Getting business and leadership support for data governance programs – and building a data culture on that buy-in – remains a significant challenge in many organizations. Yet, having this support is a crucial success factor for these initiatives, according to a new survey.
The results of the new survey were presented at a Collibra event in The Hague, the Netherlands, in 2018 by Timm Grosser, head of consulting – BI and data management at BARC, a Teknowlogy Group company. The survey results have also been published in a new report.
With 3,045 survey responses, the findings revealed that having the right data culture is a key component to a functional data governance program. Below is a tutorial on how to overcome the challenges of building a data culture to set your business up for success.
Facing significant data culture challenges
It’s clear from the survey that companies continue to experience significant data challenges – often because their existing data culture needs improvement. Nearly half of survey respondents said their organizations suffered from inadequate data quality today, and more than one-third said this would be an ongoing problem in the future. These companies often have to put in quite a lot of manual effort to keep data at a level of quality the business can work with. This costs money and diverts human resources from other, more value-adding work. It also increases risk – sometimes poor data quality can even be responsible for the failure of revenue-generating projects undertaken by the business. Companies clearly need to have a common understanding of data quality standards across the organizational structure.
More than four out of ten respondents indicated that their organization was ineffective at managing its data. Often data governance is not viewed as a strategic essential by the board and senior management, so there is no structured responsibility for data that reaches across the company. Each business team may have its own approach to managing data, with no individual specifically assigned with responsibility for data quality within the team and collaborating with others across the business who use that data.
Another common issue is a lack of knowledge about existing data or an inability to find relevant data – more than one-third of respondents cited these related issues. Often this happens when data governance is a project that only IT engages in. The business is left wondering where the data is, how to find their data, and who has responsibility for it.
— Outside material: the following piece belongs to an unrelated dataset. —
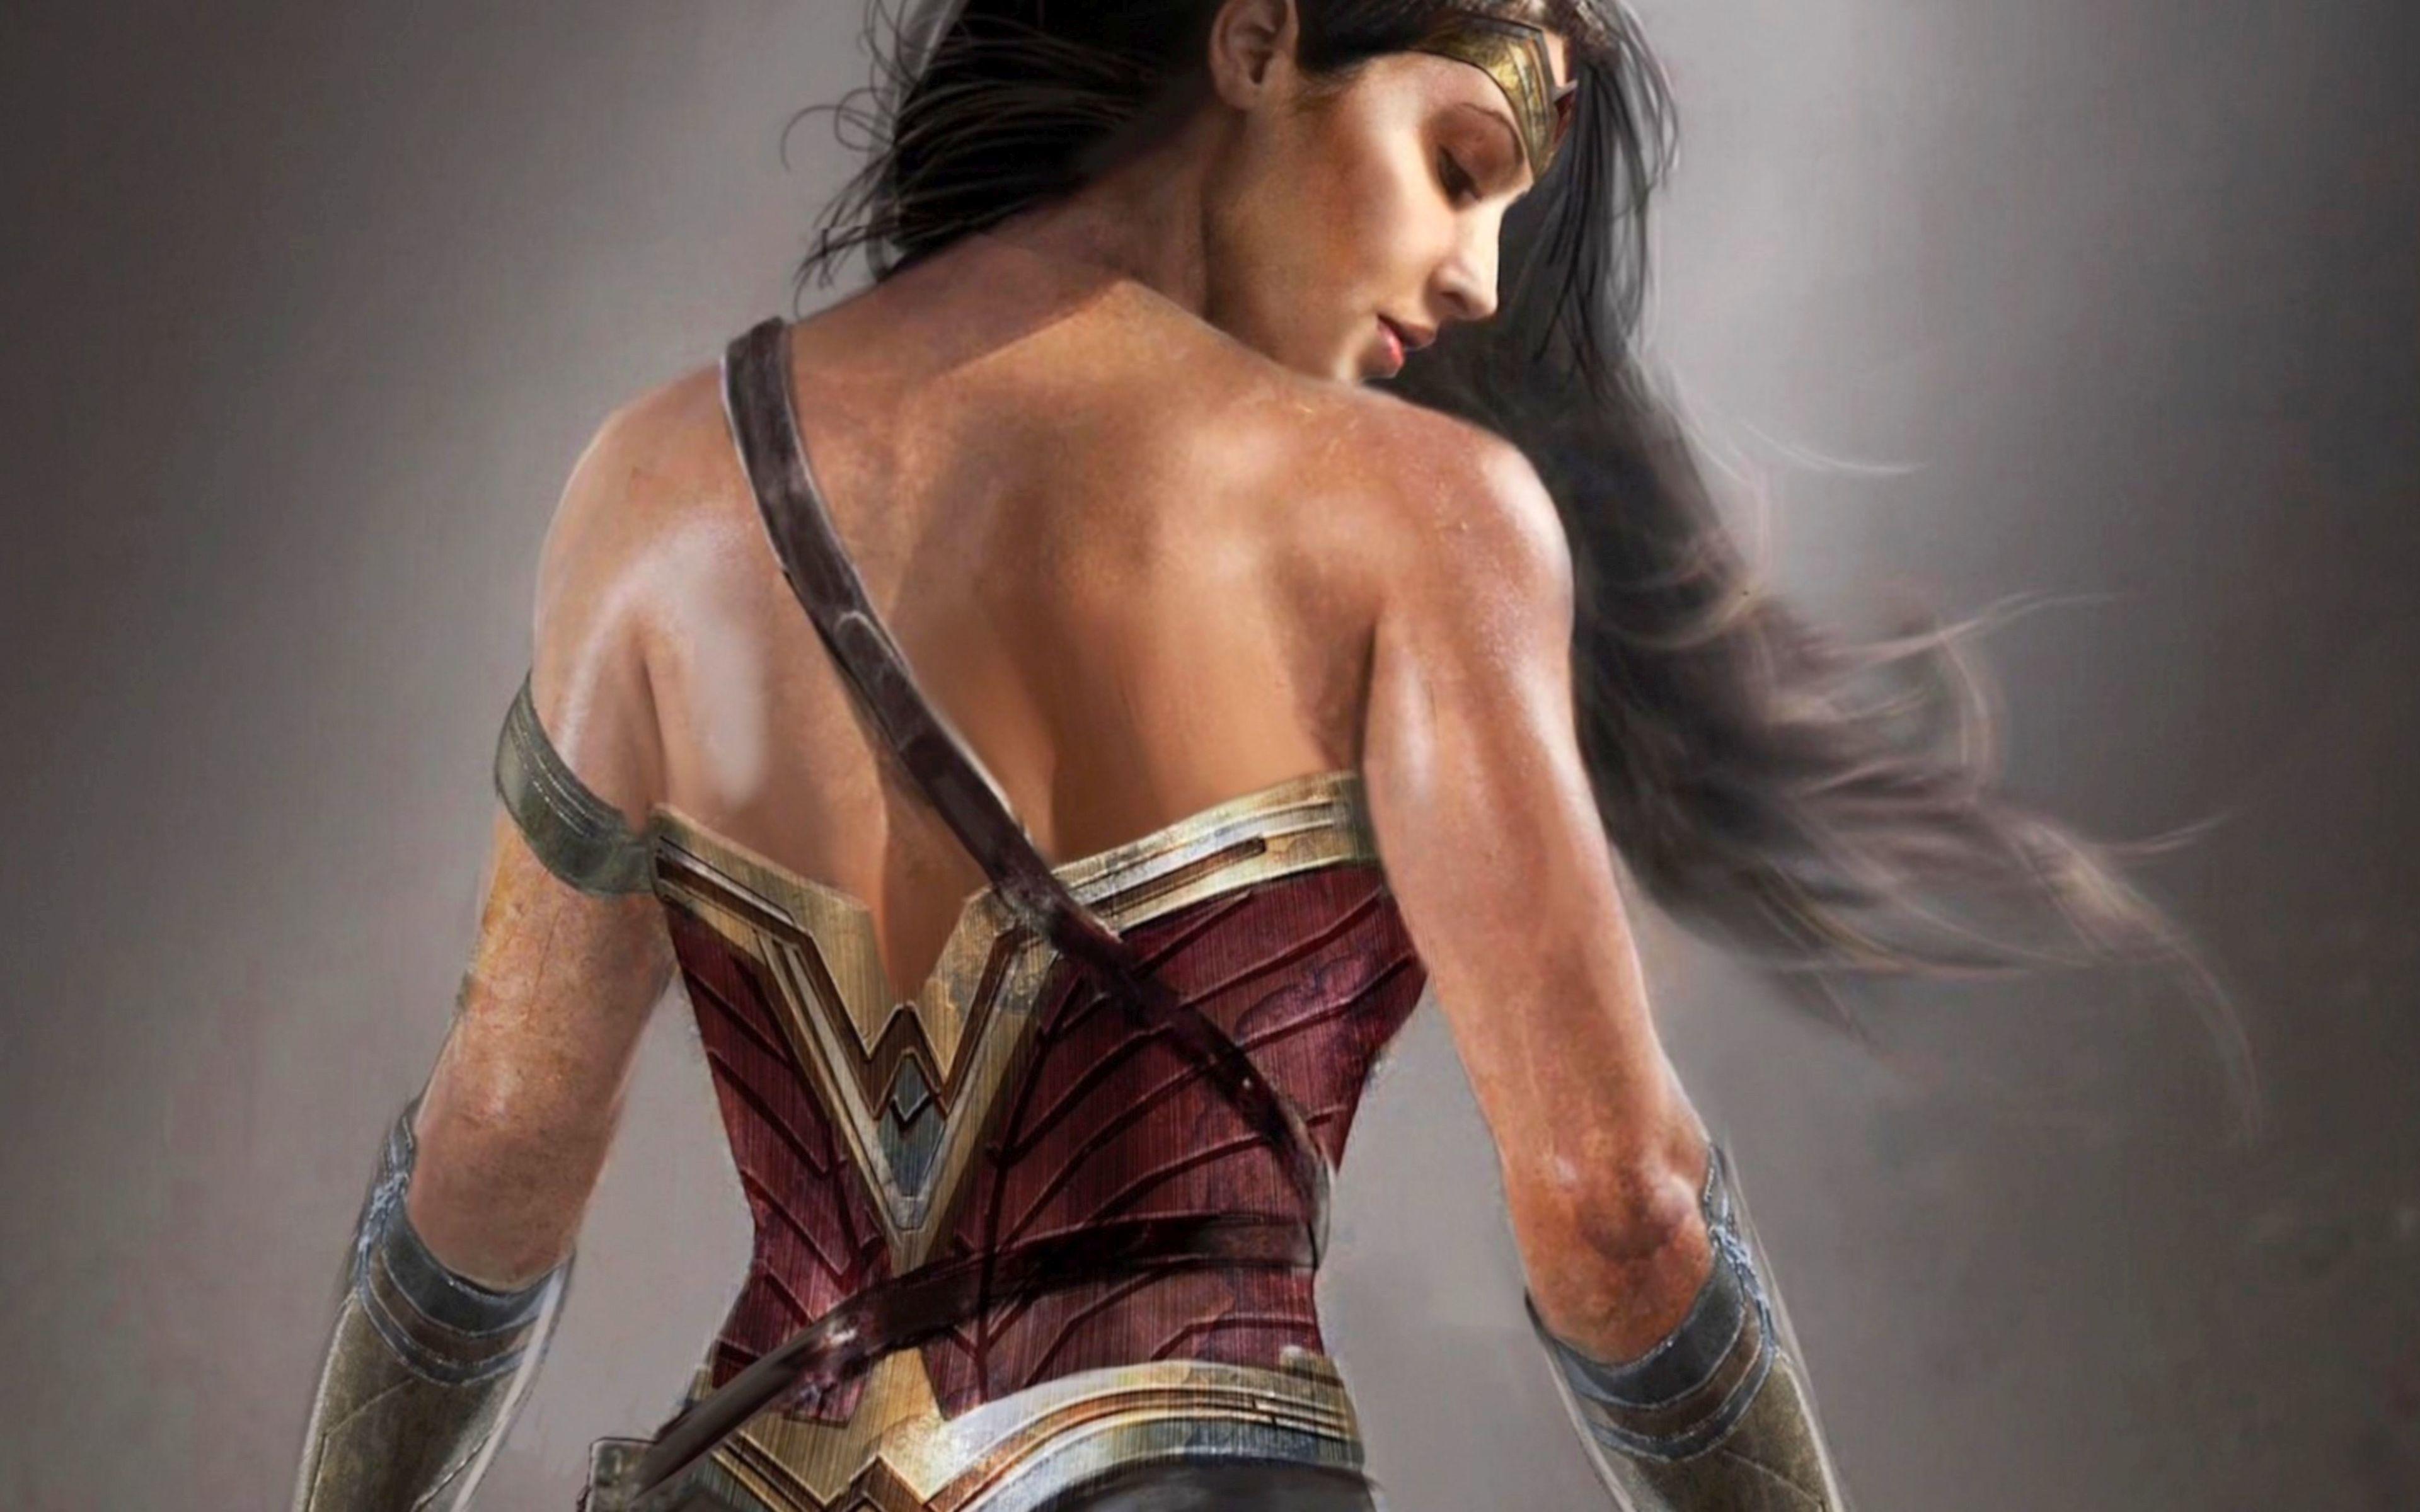 Wonder Women Gal Gadot Wallpapers Top Free Wonder Women Gal

Understanding the collaboration gap
In many companies, there can be a cultural view that data governance is not something the business should be engaged in. For example, only 29% of respondents said that their data governance program would affect all of their data environments. Most respondents – more than three-quarters – were focused on the impact it would have on their BI and data warehousing environment. In this way of thinking, data governance is an IT project.
There is also a tendency to view data governance as just a compliance project. In the survey, compliance was the top driver for the application of a data strategy or data governance of the survey respondents’ companies – 56% chose this option. The number selecting this answer was even higher in Europe – 64% – potentially because of new regulations such as the General Data Protection Regulation (GDPR).
Viewing data governance as either just a compliance task or something for IT to do means that, culturally speaking, organizations are closed to the opportunities that good data governance can bring, in order to drive value for the business.
Starting at the top
Building a culture around data has to begin at the top of organizations – with senior management and the board. Corporate cultures that view data governance as either something that IT deals with or as just a compliance issue, have these values because their boards and senior management teams do. In the survey, four out of ten respondents said their biggest challenges to implement either a data strategy or data governance measures were convincing stakeholders, obtaining management support, and getting the acceptance of business users and future stakeholders.
The new survey also shows that having the buy-in from both senior leadership and the business to building a data culture is crucial to the success of any data governance program. Respondents were asked how they rated the importance of data governance and having a data-driven culture. The results showed that companies considered “best in class” in terms of their approach to data management rated the importance of having a data-driven culture 7.7 out of 10 points, compared with laggard companies, which only rated the importance of this as 5.8.
BARC’s Timm Grosser suggested several ways in which data governance teams can engage collaboratively with the business:
- Be sure to have business-oriented roles on the data governance project team.
- Uncover the business people who have data governance as part of their role. They have much value to contribute to the project.
- Engage the business at the earliest stages of the project. Only the business can define what data is, where it is used, and the benefits of the data to the business.
- Drive discussion about how compliance projects such as GDPR can actually deliver business value. Help the business to see the opportunities.
- Consider starting with a data quality project – customer or product data that is shared between operational applications that feed different processes – because it will demonstrate the value this approach can bring to the business quickly.
In short, the challenges that data governance projects can often encounter within organizations are often closely linked to the state of the data culture within both senior management and the business. Getting buy-in from both of these stakeholder groups can significantly enhance the chances of success of a data governance program.